I am working with the R programming language.
I have the following dataset:
library(dplyr)
set.seed(123)
gender <- factor(sample(c("Male", "Female"), 5000, replace=TRUE, prob=c(0.45, 0.55)))
status <- factor(sample(c("Immigrant", "Citizen"), 5000, replace=TRUE, prob=c(0.3, 0.7)))
country <- factor(sample(c("A", "B", "C", "D"), 5000, replace=TRUE, prob=c(0.25, 0.25, 0.25, 0.25)))
disease <- factor(sample(c("Yes", "No"), 5000, replace=TRUE, prob=c(0.4, 0.6)))
my_data <- data.frame(gender, status, disease, country, var1 = rnorm(5000, 5000, 5000), var2 = rnorm(5000, 5000, 5000))
I then have this function used to calculate arbitrary percentiles for variables :
# source: https://stackoverflow.com/questions/74947154/r-using-dplyr-to-perform-conditional-functions
ptile <- function(x, n_percentiles) {
# Calculate the percentiles
pct <- quantile(x, probs = seq(0, 1, 1/n_percentiles))
# Create a character vector to store the labels
labels <- sprintf("%.2f to %.2f percentile %d",
head(pct, -1), tail(pct, -1), seq_len(n_percentiles))

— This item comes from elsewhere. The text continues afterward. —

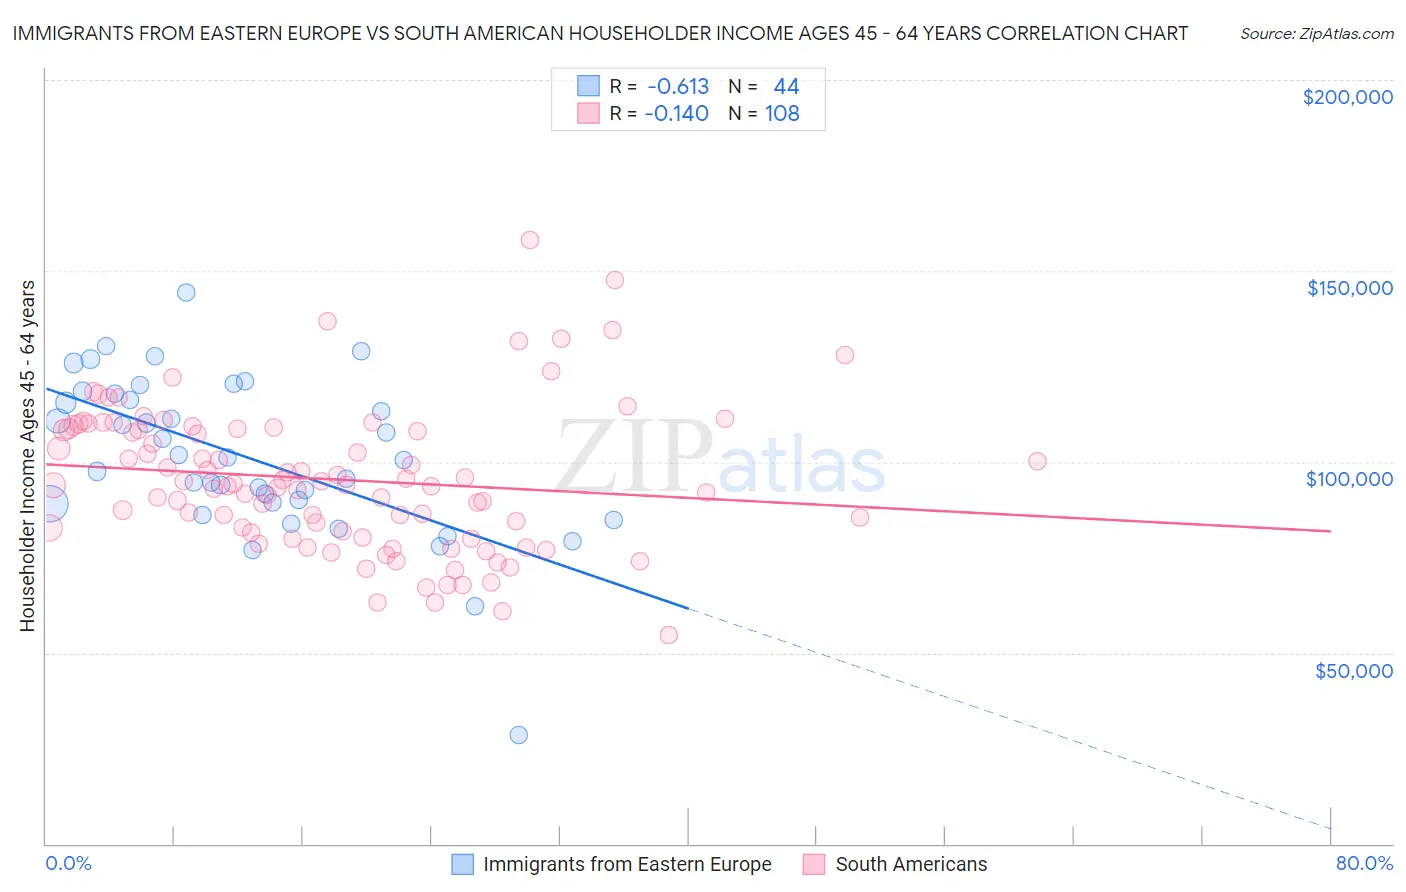 Immigrants from Eastern Europe vs South American Householder Income Ages 45 - 64 years

cut(x, breaks = pct, labels = labels, include.lowest = TRUE)
}
When I use this function sometimes:
# error not produced on this dataset, but on other datasets
na.omit(my_data) %>%
group_by(gender, status, country) %>%
mutate(result1 = ptile(var1, 10), result2 = ptile(var2, 5))
I get one of two errors:
Error in cut.default(x, breaks = pct, lables = labels, include.lowest = TRUE): invalid number of intervals
Error in cut.default(x, breaks = pct, labels = labels, include.lowest = TRUE) : 'breaks' are not unique
At first I thought that these errors are being produced because I am using this function on "groups of rows" - and in some of these rows, there might be too few rows for the desired percentile to be calculated?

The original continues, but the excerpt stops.